- Developer(s): Burut Creative Team
- Publisher(s): Russobit-M
- Engine: X-Tend
- Platform(s): Microsoft Windows
- Release: August 29, 2003
- Genre(s): First-person shooter
- Mode(s): Single-player, multiplayer

= Kreed (video game) =

2003 video game

Kreed is a sci-fi first-person shooter video game developed by Burut Creative Team and published by Russobit-M in 2003. It takes place in the distant future in the 30th century. The player controls an unnamed space marine trying to stop a cult of religious fanatics trying to get access to a strange cross-dimensional anomaly known as The Kreed.
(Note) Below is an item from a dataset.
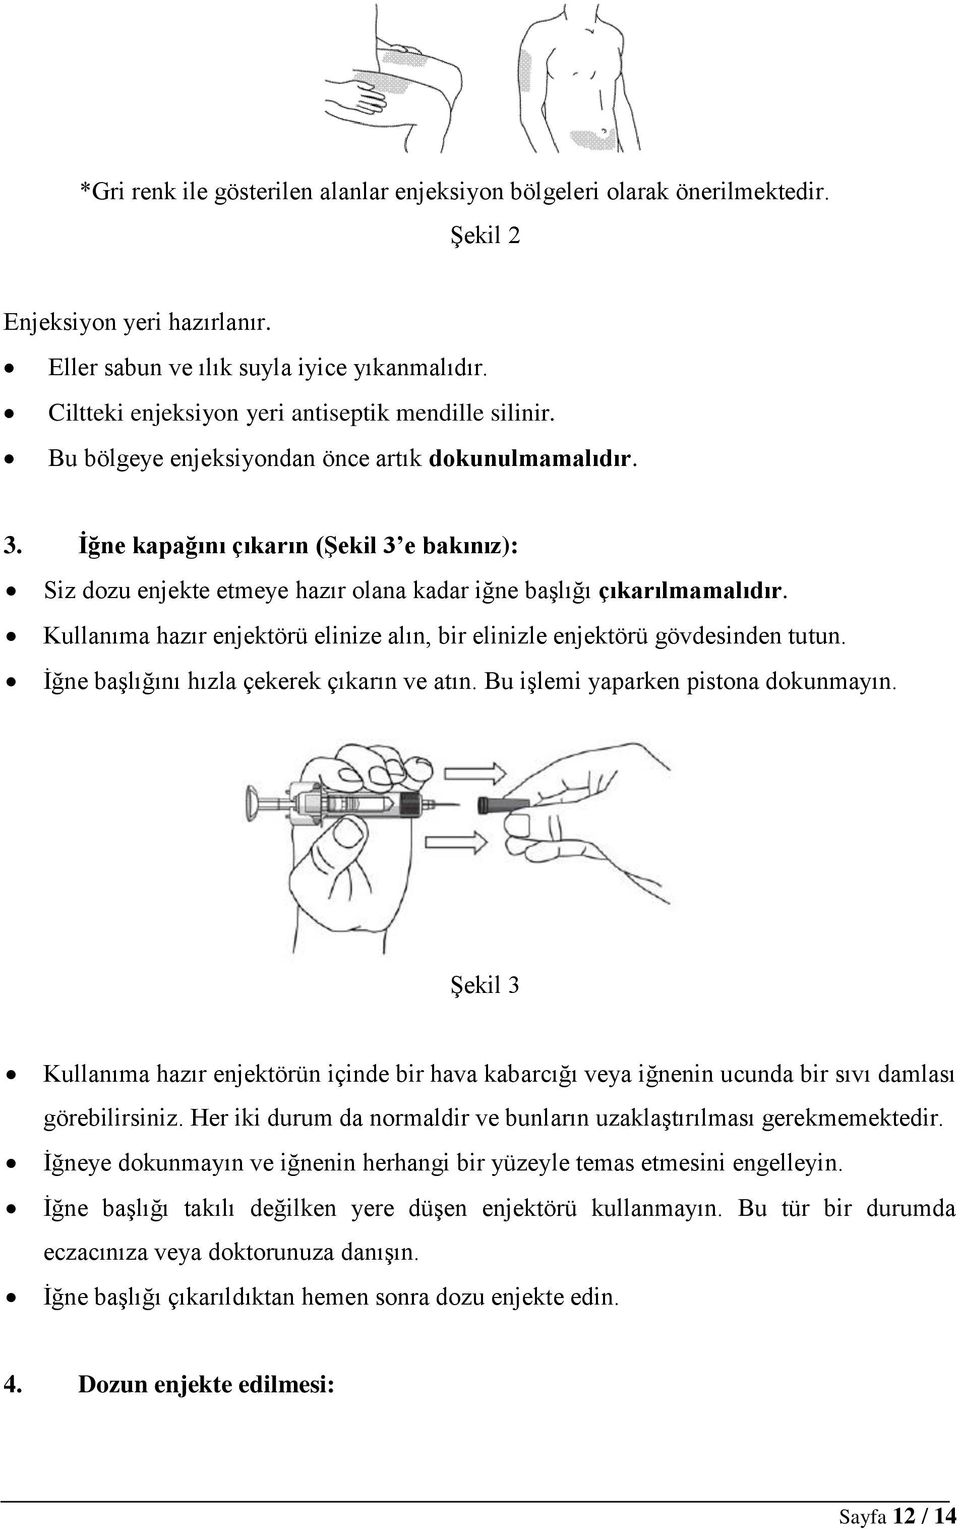 İğne kapağını çıkarın (Şekil 3 e bakınız): Siz dozu enjekte etmeye hazır olana kadar iğne başlığı çıkarılmamalıdır. Kullanıma hazır enjektörü elinize alın, bir elinizle enjektörü gövdesinden tutun.

A standalone expansion pack for the game titled Kreed: Battle for Savitar was released in 2004.

== Gameplay ==
Kreed is a fairly standard first-person shooter game from the era. It has a heavy emphasis on world building and exploration à la games like Half-Life 2 or Doom 3. The plot of the game is presented in the form of in-game cutscenes as well as messages the player can read off of computer terminals. The player has access to nine different types of weapons. Some of these weapons include three-barreled shotguns, flamethrowers and chainguns. In combat, enemies will try to work as a team and swarm and flank the player. They are attracted by the sound of gunfire and other similar sounds as well.

== Plot ==
Set in the year 2944, humanity is caught in an interstellar war with an alien species known as the Tiglaary. A strange spatial anomaly known as the Kreed has been deeply puzzling scientists for quite some time. Many people believe the anomaly has great spiritual and religious significance (with some believing it to be a gateway to communicating to higher beings). A group of religious fanatics underneath an ex-military commander by the name of Teofrast Rumi are attempting to breach into the Kreed. Daniel, the player character, is sent to the Kreed to stop them.

== Reception ==
The game received generally mixed reviews upon release, and has an average score of 54 on Russian review aggregate platform Kritikanstvo. Stepan Chechulin of Igromania gave the game a score of 70%, Absolute Games gave it a score of 40%, and Konstantin Inin of Land of Games gave it a score of 7.5.